I’m not entirely proud to admit this, but there is a 20-ounce bottle of soda on my desk at this moment. The “proud” idea is one related to the New York article and not specifically any true embarrassment… since the New York effort wouldn’t allow me to buy such a soda. That effort would cap things at a 16-ounce serving. (And we will get back to that.)

On the bottle is a “Nutrition Facts” panel.

It’s something we’ve all become familiar with. The panel has been found on bottles of water, where it proudly shows zero after zero in every category. No calories… no fat… no runs, drips, or errors. It’s water.

On this soda bottle in front of me, there is a division. Much like Ben & Jerry’s wants to pretend there are four servings in a pint of their ice cream, this soda bottle has information about what to expect from a single serving as well as the two and a half servings the full bottle contains.
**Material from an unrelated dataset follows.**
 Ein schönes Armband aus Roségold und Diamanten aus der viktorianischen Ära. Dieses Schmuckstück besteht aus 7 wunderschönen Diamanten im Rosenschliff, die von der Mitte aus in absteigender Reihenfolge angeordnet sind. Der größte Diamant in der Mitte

Get this…

In one serving… 8-ounces… there are 110 calories.

And, naturally, in two-and-a-half servings… the 20-ounces of the bottle… there are, of course, 275 calories.
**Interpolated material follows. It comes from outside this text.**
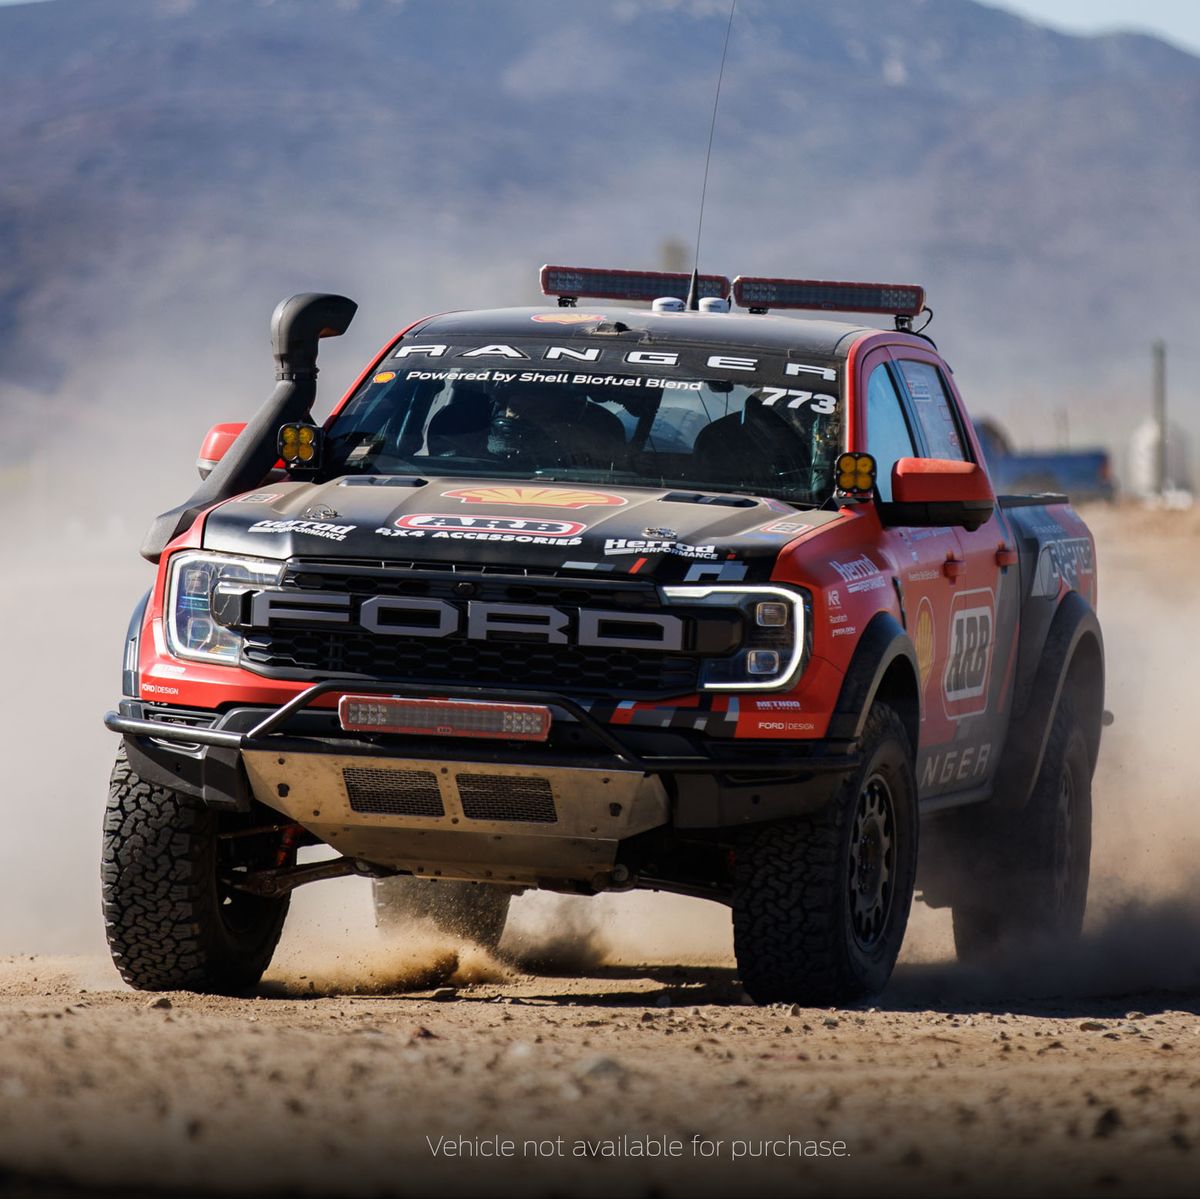 Ford Ranger Raptor Drives Back Home After Surviving Baja 1000

Do the math any way you want...

2.5 times 110 equals 275

(110 divided by 8) times 20 equals 275

110 plus 110 plus 55 equals 275

If one serving has 110 calories, then two-and-a-half has 275.

Only two-and-a-half servings doesn’t.

The bottle in front of me says that 20-ounces has 290 calories.
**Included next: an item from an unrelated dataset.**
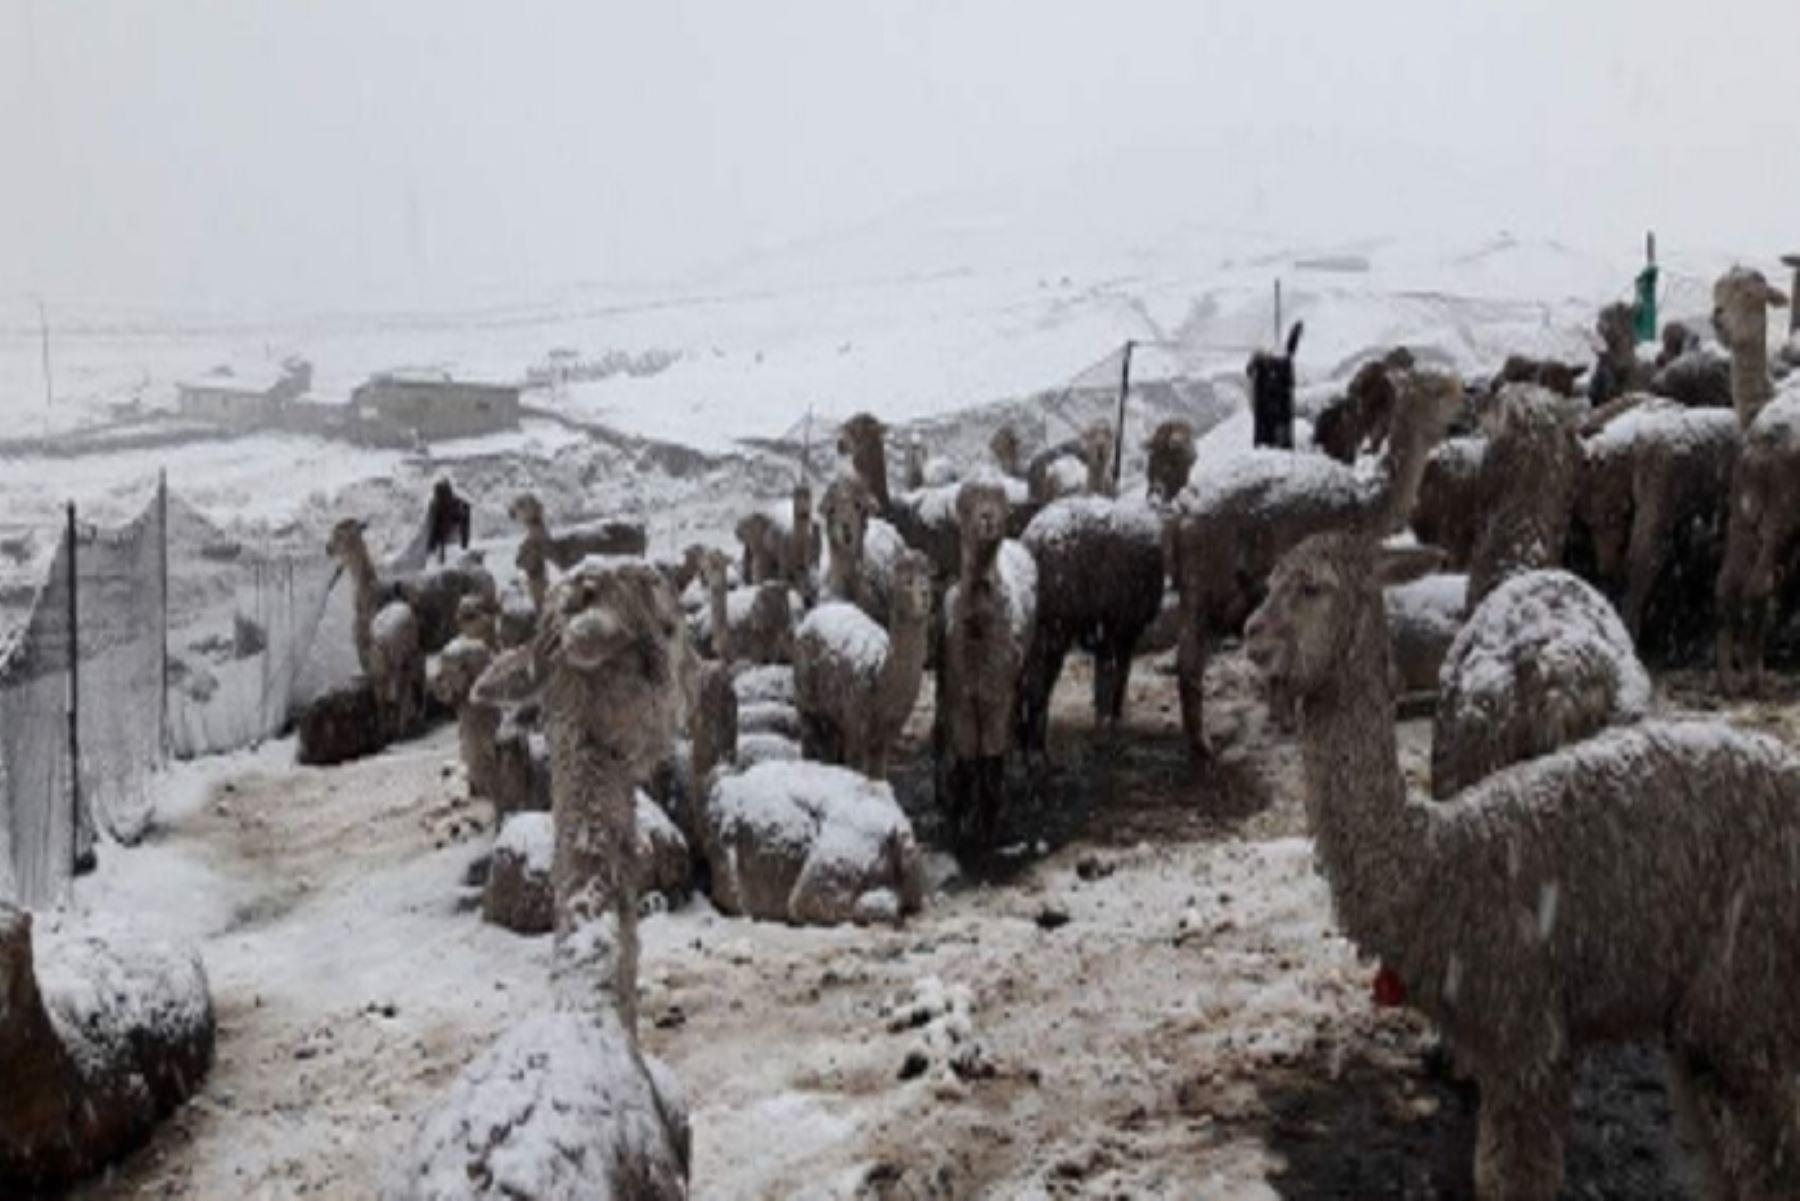 En el Tambo de Llullucha, a 4132 metros de altura, en la localidad lda dñocPukaccasa del distrito y provincia de Ocongate, en la región Cusco, el acumulado de nieve llegó hasta los 35 centímetros de altura.

Heck… let’s add even more fun to the head-scratching. The math actually works for sodium, carbs and sugars. 40mg of sodium in one serving becomes 100mg in the bottle I have. So all of those formulas work.

What the heck is going on with the mystical 15 extra calories per bottle?

If you dig deep enough into the story, you’ll find out some funny things about calories and nutrition labels. What kinds of things?

Oh… for instance that numbers can be rounded off. Really. A page from the U.S. Food and Drug Administration mentions rounding rules and other details for nutrition labels.

And… many restaurants have incorrect numbers. (Sure they do.)

Overall, I have to say that I’m not upset with what Mayor Michael Bloomberg is proposing. I saw him on the Today show discussing this topic… on “National Doughnut Day” of all dates. And I can appreciate the basics of the proposal, where the concept supposedly isn’t to prevent you from getting as much liquid refreshment as you wish -- rather presenting an idea where a smaller serving size tends to lead to not overindulging. The law as I understand it wouldn’t prevent you from buying two 16-ounce bottles of soda… it would just make it impossible to get a single 32-ounce bottle. Dare I say… without much more in addition… that almost sounds reasonable.

Instead, I want to follow things to an extreme. (And not an illogical extreme.)

(First… side note… go check out the history of National Doughnut Day. Pretty amazing stuff that involves material from World War I and the Great Depression. Now… that extreme…)

We live in a society where people argue that the toys with the meal are stronger than parental guidance… where baking a batch of cupcakes for a youngster’s classroom should be a criminal offense.

Having seen the nutrition information of supposedly “healthy” options like salads, which can be beyond any possible expectations, I simply can’t argue against requiring restaurants and such having those details not only available, but in some fashion posted. I don’t oppose information, and in many ways can support attempts at guidance.

My problem is being policed on the subjects. We’re making soda and such the evil doers, and yet as a public can’t even trust the required labeling information to tell us exactly how evil. The manufacturers might not exactly tell us… the restaurants might not exactly tell us… and, the government that requires them to tell us doesn’t require them to exactly tell us.

So when we see actions start such as limiting beverages… how far away are we from actions like legislating condiments? Use this much salsa… don’t use that much honey mustard… two packets of ketchup and one packet of salt per order.

My guess is not nearly as far as you might expect.

The fact is that numbers lie. (And, in efforts such as this, it can be important that they don’t.) They can claim allowable rounding off and acceptable calculation errors if they want… it’s still effectively a lie. Give a group a loophole, and that loophole will be used to any advantage possible. You have to consider the source of the information you are using.

So crazy as this may sound… I’m not upset or concerned about Mayor Bloomberg promoting the sugary beverage limit effort. I just wish we knew what a sugary beverage was. And while of course that statement is a bit tongue-in-cheek, I don’t think it’s without merit. If there is a chance of my finding a 32-ounce bottle of water in New York… how long before the allowable rounding off brings a soda into that allowable range?